EXTRACTED ENTRIES.
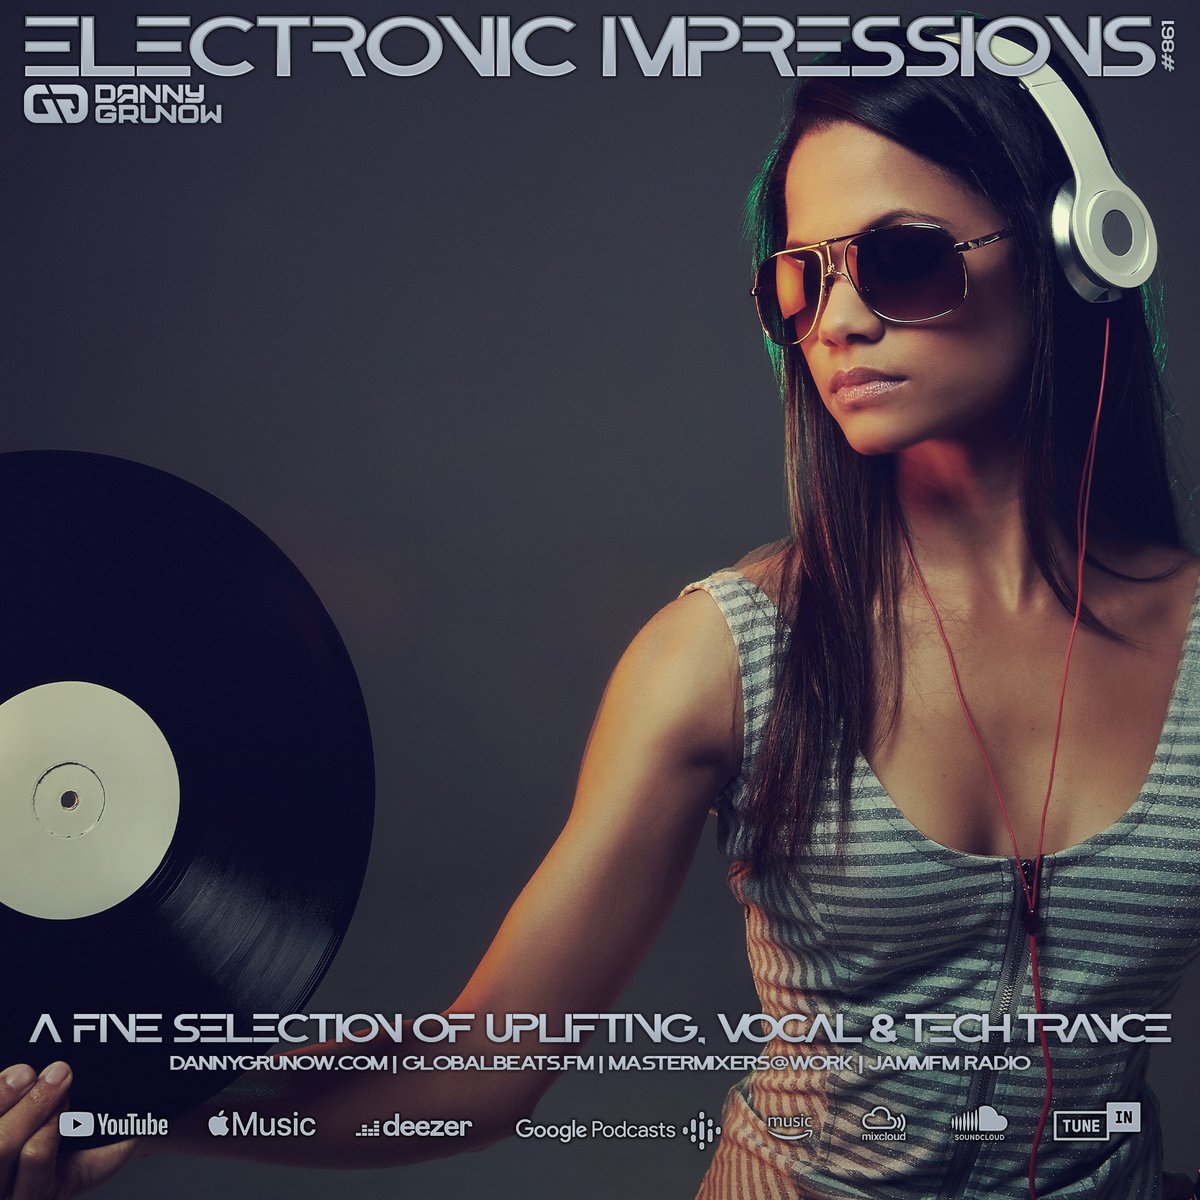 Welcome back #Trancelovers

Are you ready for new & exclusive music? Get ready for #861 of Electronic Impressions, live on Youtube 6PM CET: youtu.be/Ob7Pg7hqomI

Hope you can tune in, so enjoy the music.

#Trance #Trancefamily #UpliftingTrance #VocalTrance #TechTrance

...

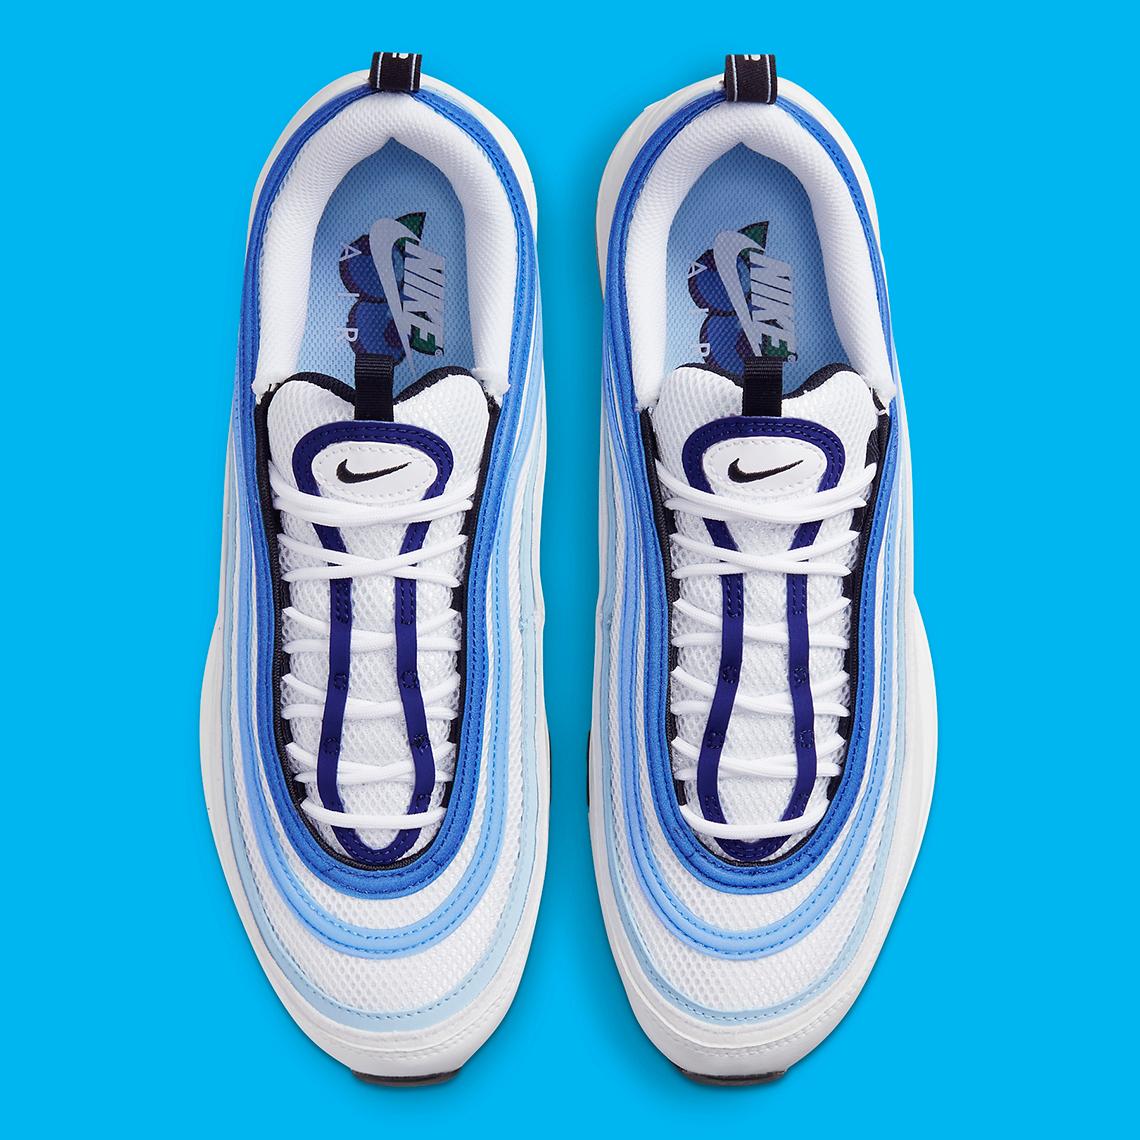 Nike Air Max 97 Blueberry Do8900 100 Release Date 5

WHAT YOU HAVE TO DO. Which lines of the data include the word "music"? Copy each one.

EXERCISE RESPONSE.
Are you ready for new & exclusive music? Get ready for #861 of Electronic Impressions, live on Youtube 6PM CET: youtu.be/Ob7Pg7hqomI
Hope you can tune in, so enjoy the music.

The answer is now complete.